Another runc container breakout

Posted Feb 17, 2024 15:12 UTC (Sat) by raven667 (subscriber, #5198) [Link]

> Of course, keeping a Linux environment secure against local privilege escalation is challenging on its own, and if our untrusted users were anonymous people on the internet instead of employees who have gone through background checks, we would likely be more paranoid

This is something I bang on about all the time, one of the corollarys if risk is lack of accountability, in places where you have accountability you have a less likelihood for issues, and the driver of security process should be more driven by impact. Making a reasonable and effective risk calculation for where to spend your limited time instituting security is hard to do, it's mostly vibes and tribal embarrassment which drives people to apply all the "best practices" they've heard of without regard to which ones actually help in their situation and which are wastes of time.

Another runc container breakout

Posted Feb 15, 2024 9:14 UTC (Thu) by cortana (subscriber, #24596) [Link] (1 responses)

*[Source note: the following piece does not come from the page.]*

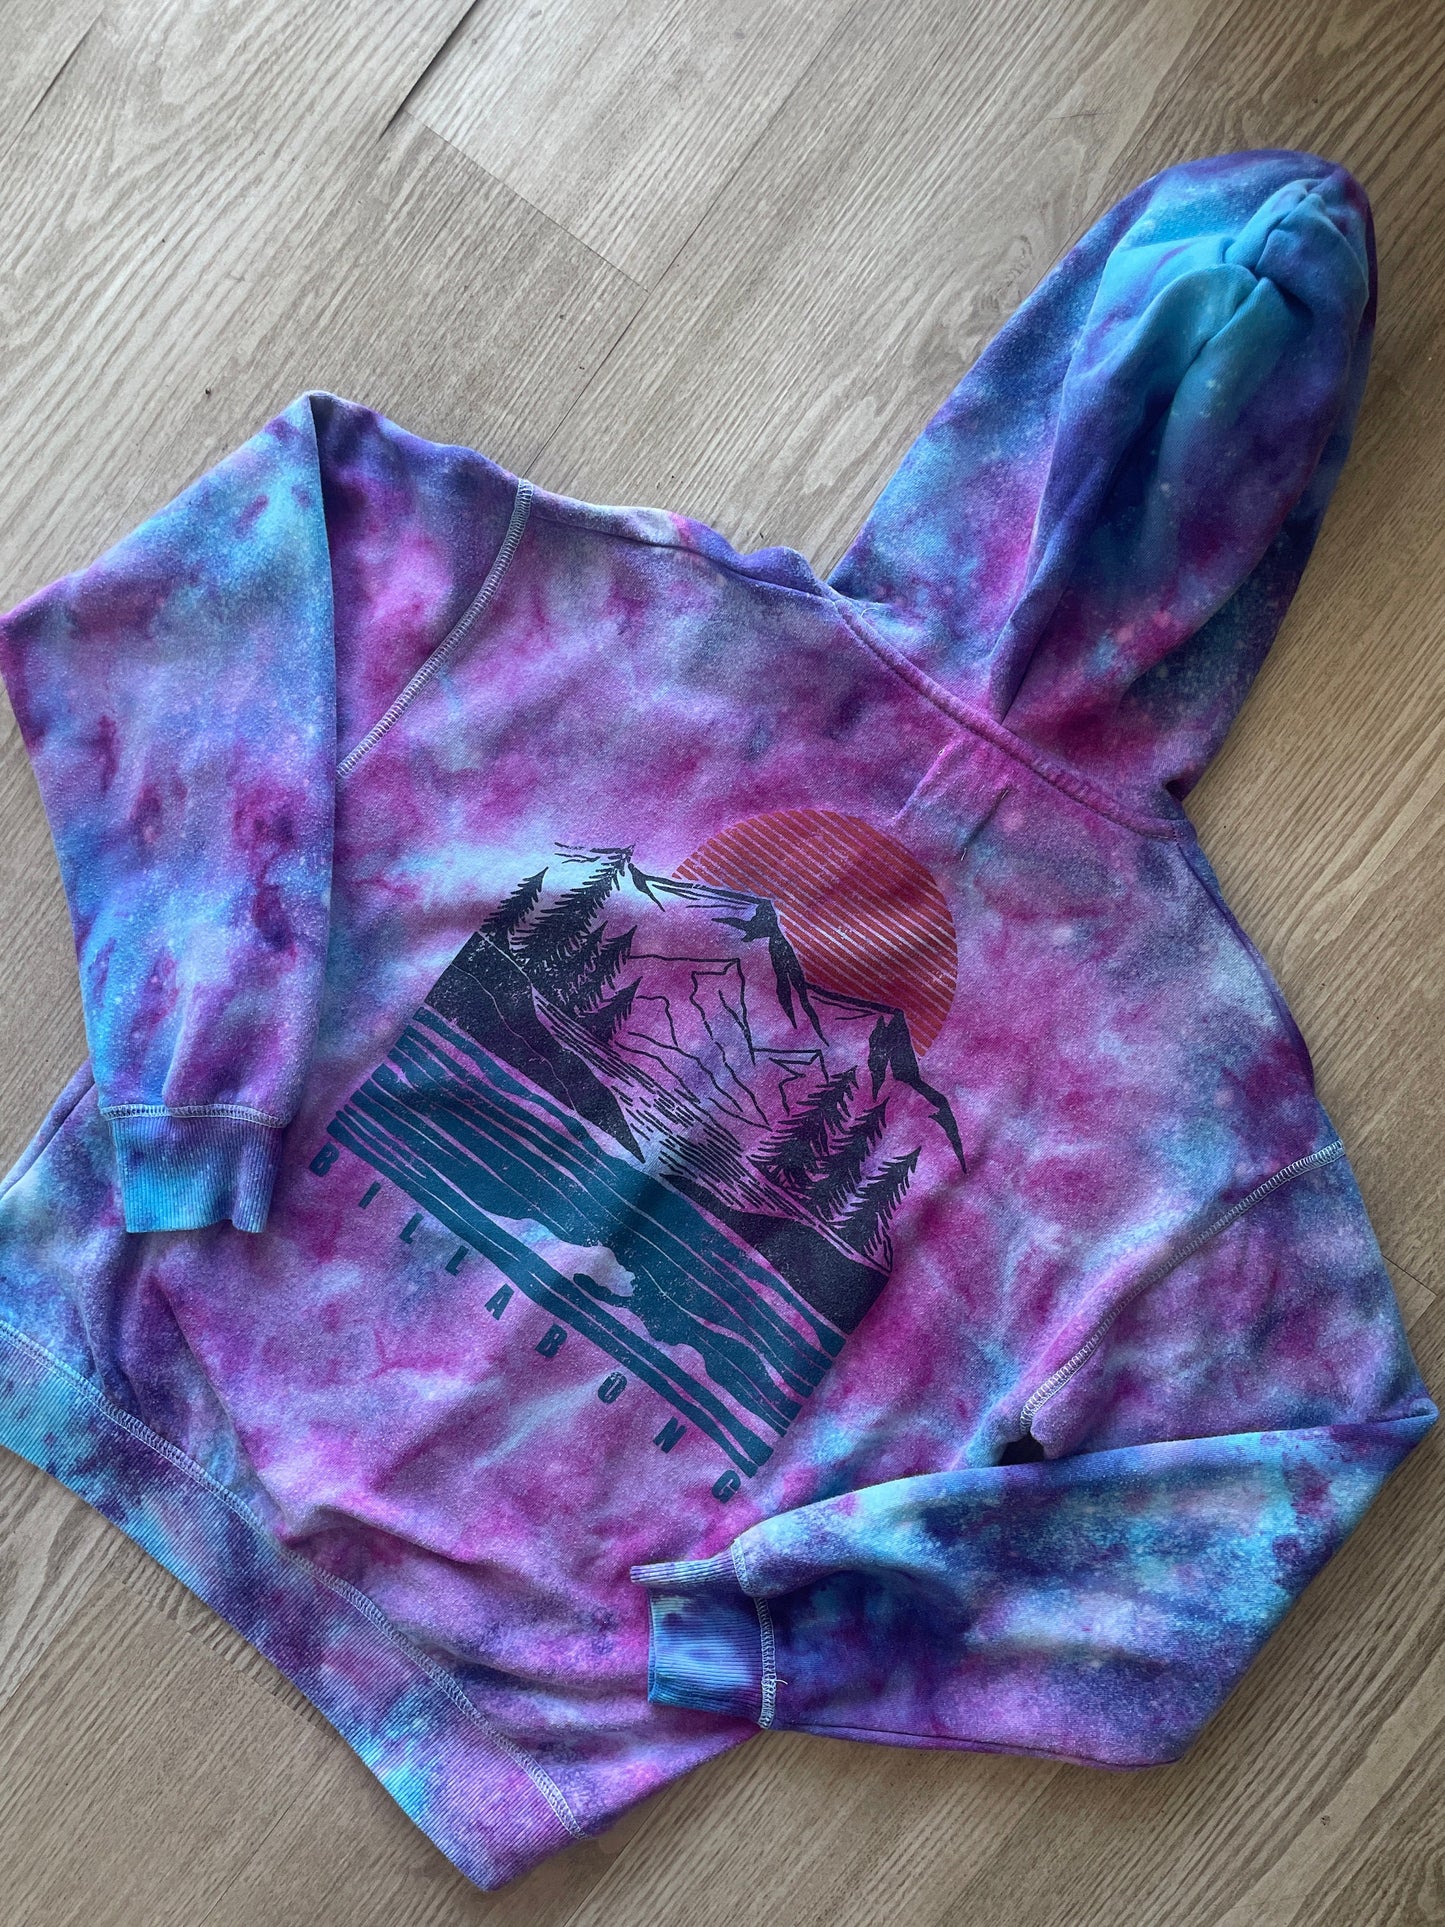 SMALL Men's Billabong Mountainscape Handmade Galaxy Ice Dye Tie Dye Long Sleeve Hoodie | One-Of-a-Kind Upcycled Blue and Purple Sweatshirt

I think about it like this: containers are a technology for distributing software artefacts, packaged up and ready to run on a host. Think shipping containers. They aren't designed to confine an executing workload within its container's namespaces; you still need other technologies, which can be used in conjunction with containers, for that.

So, for instance, looking at a platform like Red Hat OpenShift, which runs on top of RHEL CoreOS, a typical container:

* Must run with a UID, GID and supplemental groups from the range assigned to its project
* Must run within a restrictive domain (container_t) and a unique MCS category (e.g., c5,c67)
* Must run with the runtime/default seccomp profile applied

So for one workload to read the files of another, it would have to:

* Use an exploit to escape out of its namespaces
* Use an exploit to override DAC (i.e., read a file owned by another user; made more difficult by the seccomp profile which prevents the use of less common system calls)
* Use an exploit to override the SELinux policy which prevents, for instance, a process running as container_t:c5,c67 from accessing objects labelled with container_file_t:c78,c200

It's interesting you mention qemu, because the idea of using a restrictive label & MCS category to protect container workloads from one another came from the very same setup that RHEL uses to protect VMs from one other: The container_t label is (or was at some point) an alias to svirt_lxc_net_t, the label that libvirt applies to all the qemu processes that it launches (again, with each one being given a unique pair of MCS categories so that VMs can't attack each other).

Another runc container breakout

Posted Feb 17, 2024 15:17 UTC (Sat) by raven667 (subscriber, #5198) [Link]

Thanks for the summary of how this works, those looks like all good things to do, however there are an awful lot of local kernel exploits in Linux that can make any permission system moot, so that's where having different hardware for different security/risk workloads can help, remote exploit is much harder todo/easier to defend/detect.